» MATERIAL SUPPLIED
================

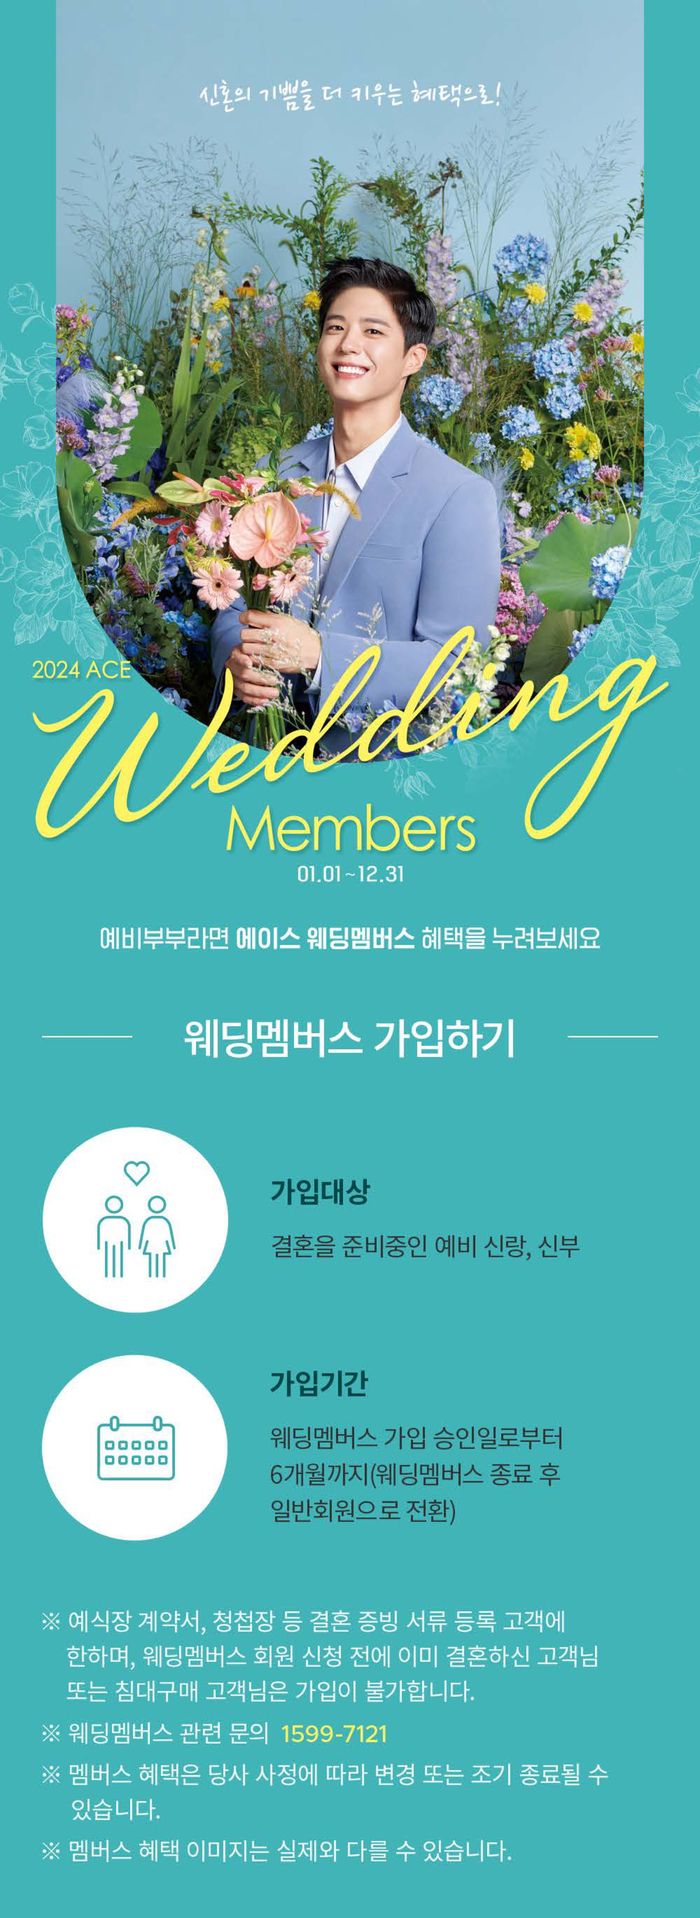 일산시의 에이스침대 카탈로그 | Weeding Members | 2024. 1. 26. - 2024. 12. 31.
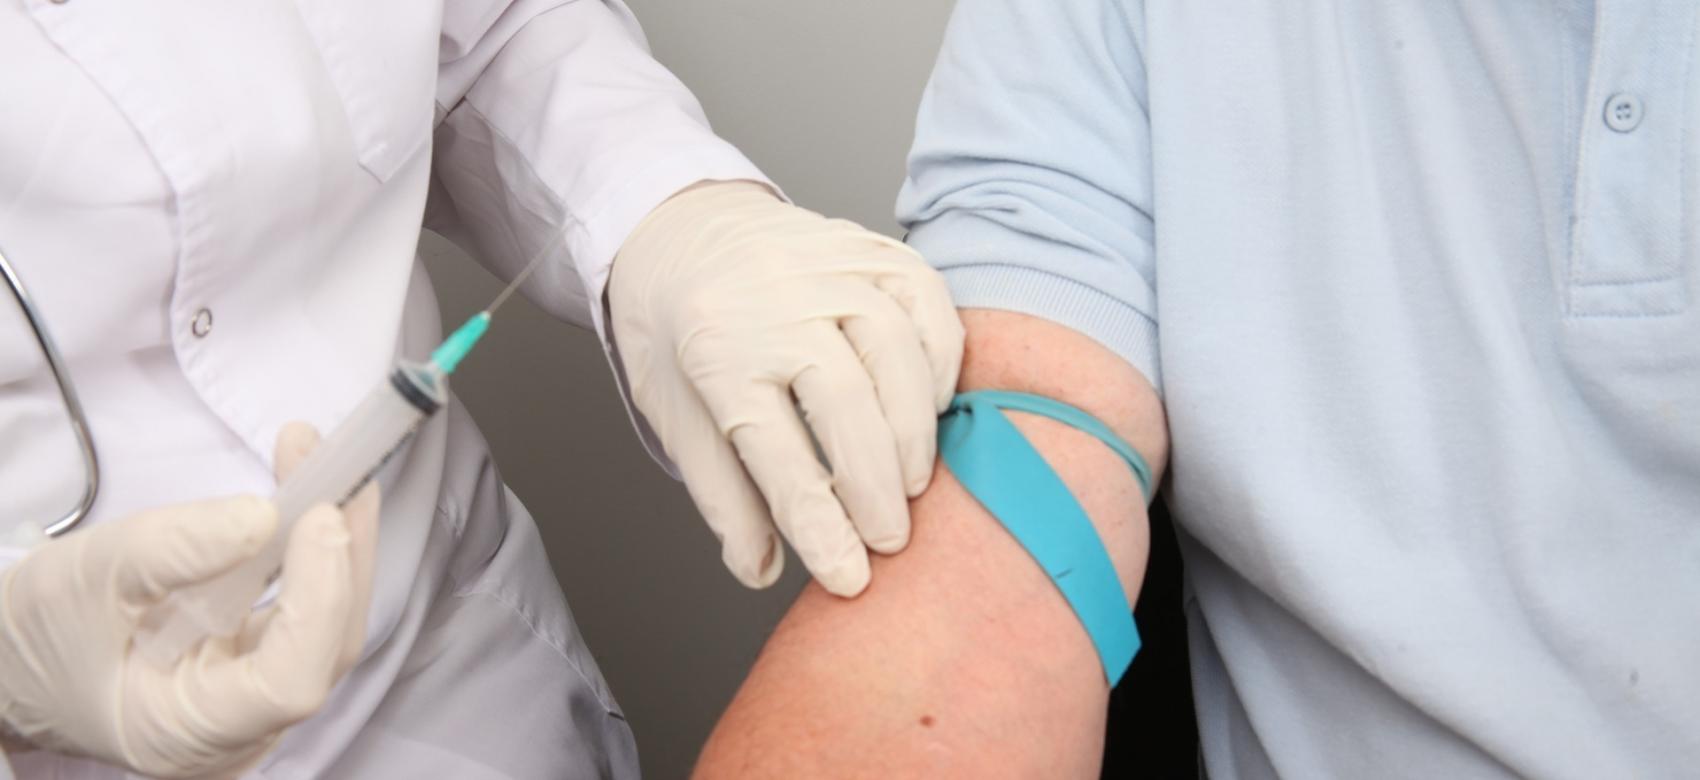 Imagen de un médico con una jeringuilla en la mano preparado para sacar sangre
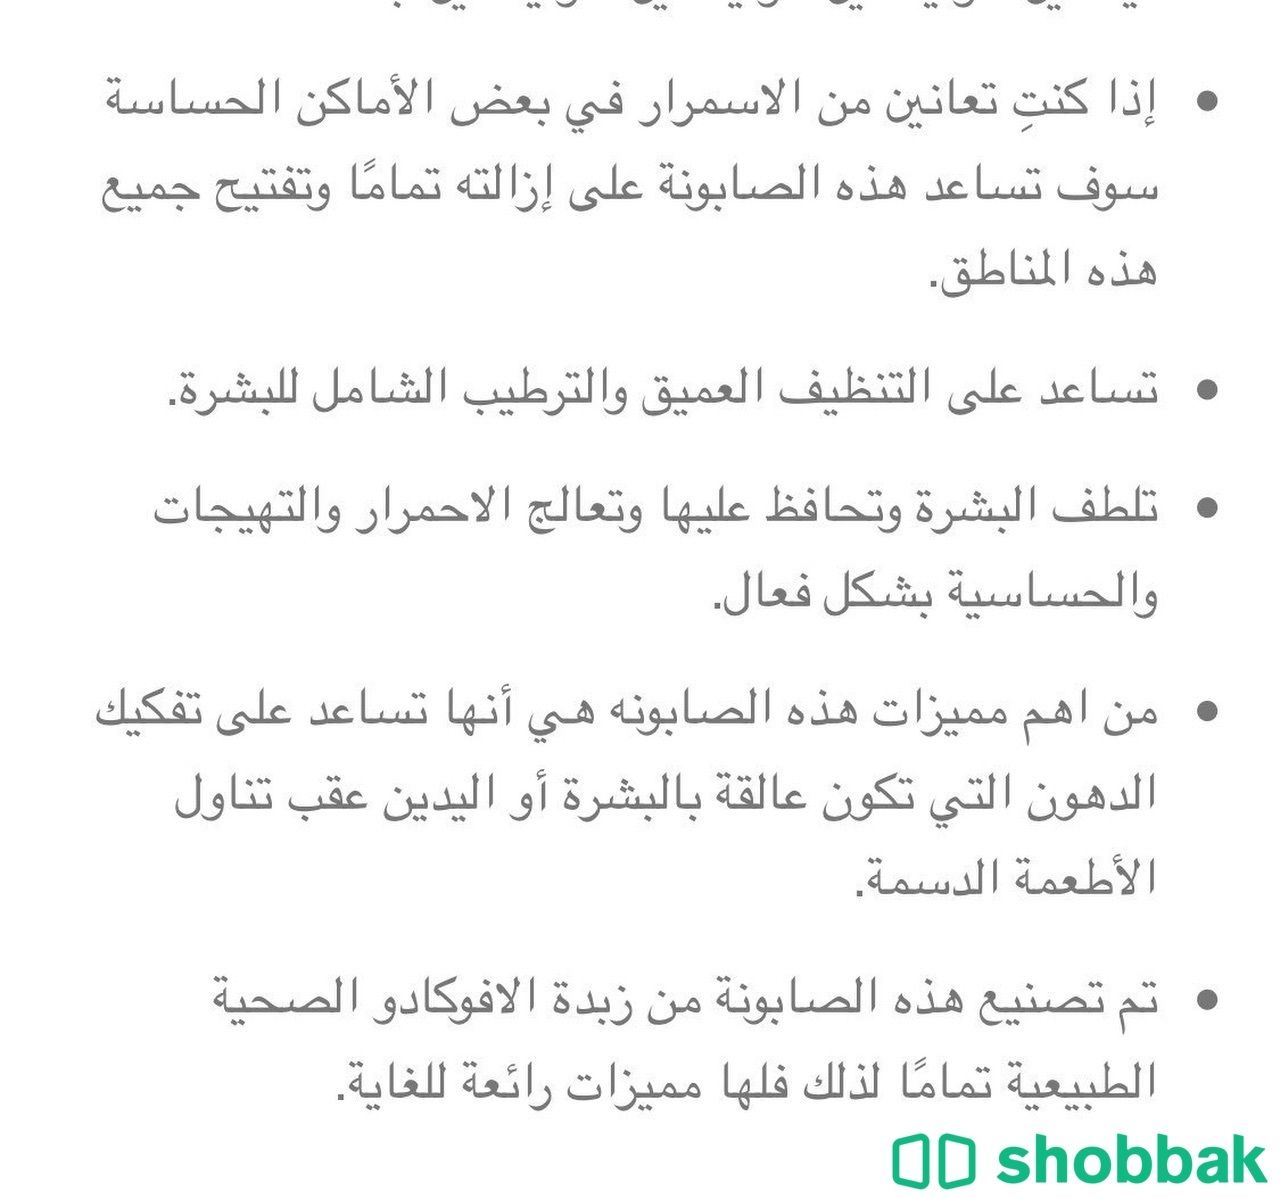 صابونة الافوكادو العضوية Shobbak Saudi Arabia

================

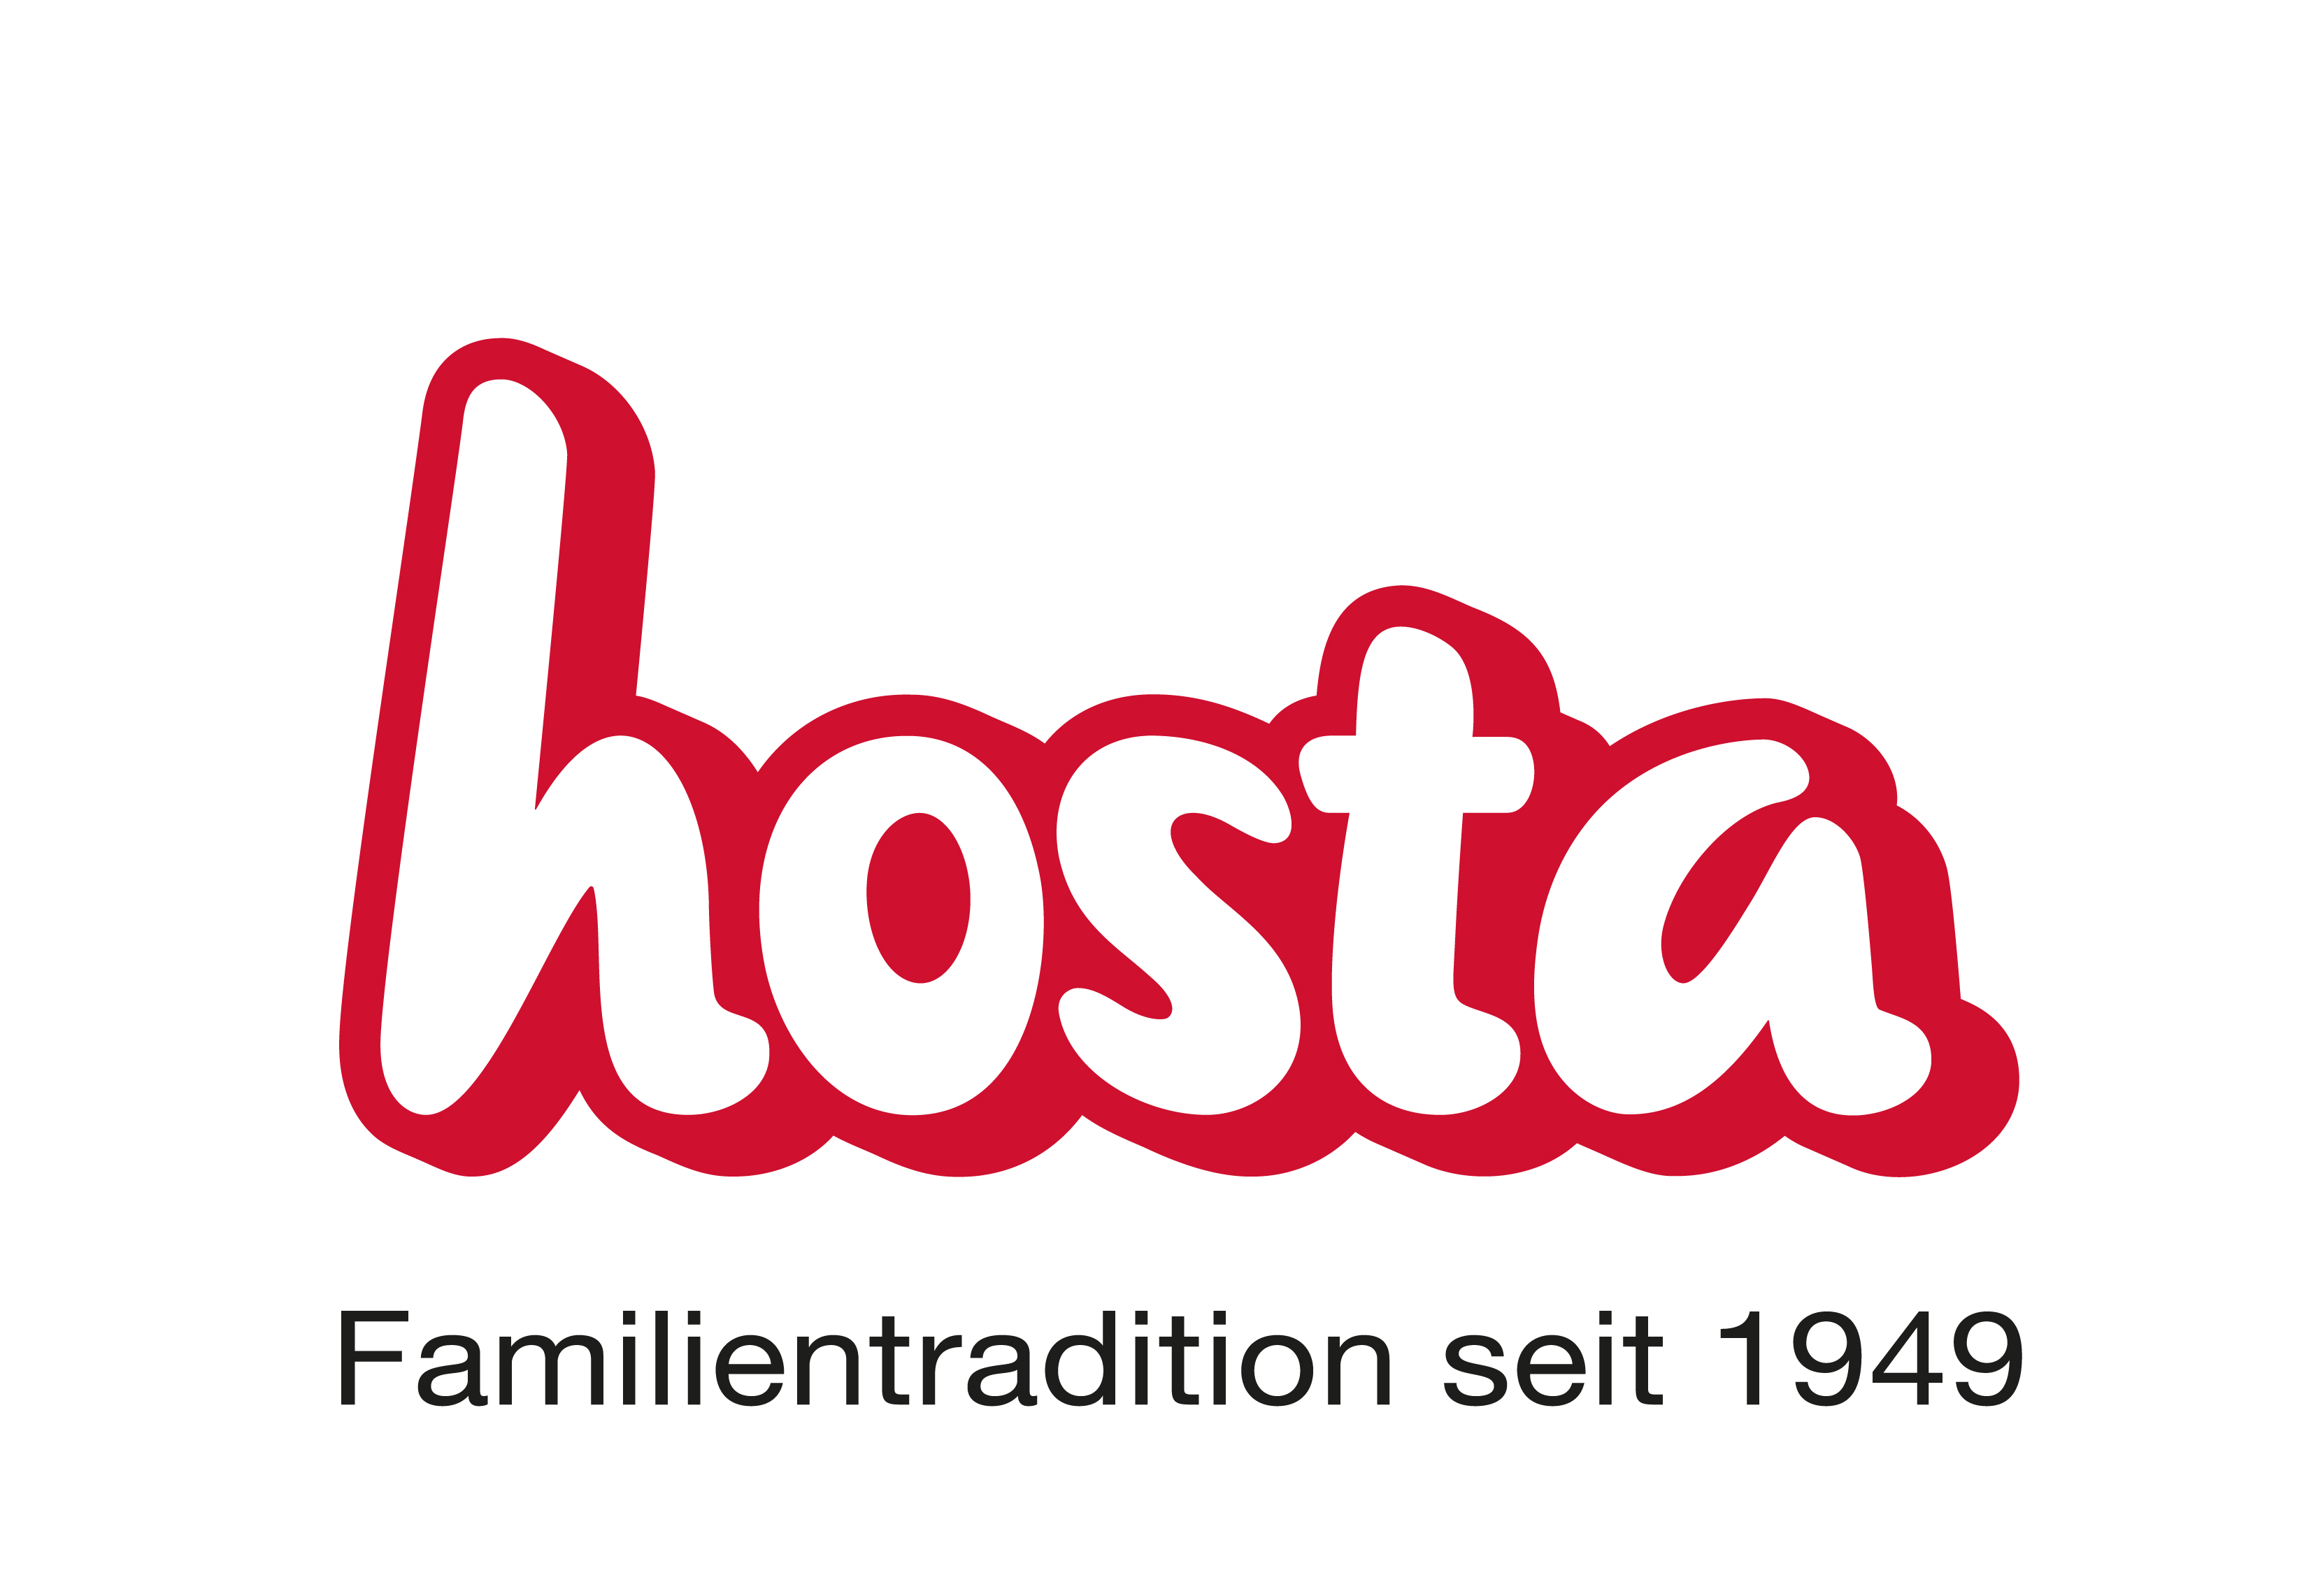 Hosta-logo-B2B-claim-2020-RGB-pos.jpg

================

» TASK
Reproduce, word for word, everything in the listing above from the line containing "Imagen de un" down to the line containing "صابونة الافوكادو العضوية", both of them included. No pictures.

» RESPONSE TO THIS EXERCISE
 Imagen de un médico con una jeringuilla en la mano preparado para sacar sangre
 صابونة الافوكادو العضوية Shobbak Saudi Arabia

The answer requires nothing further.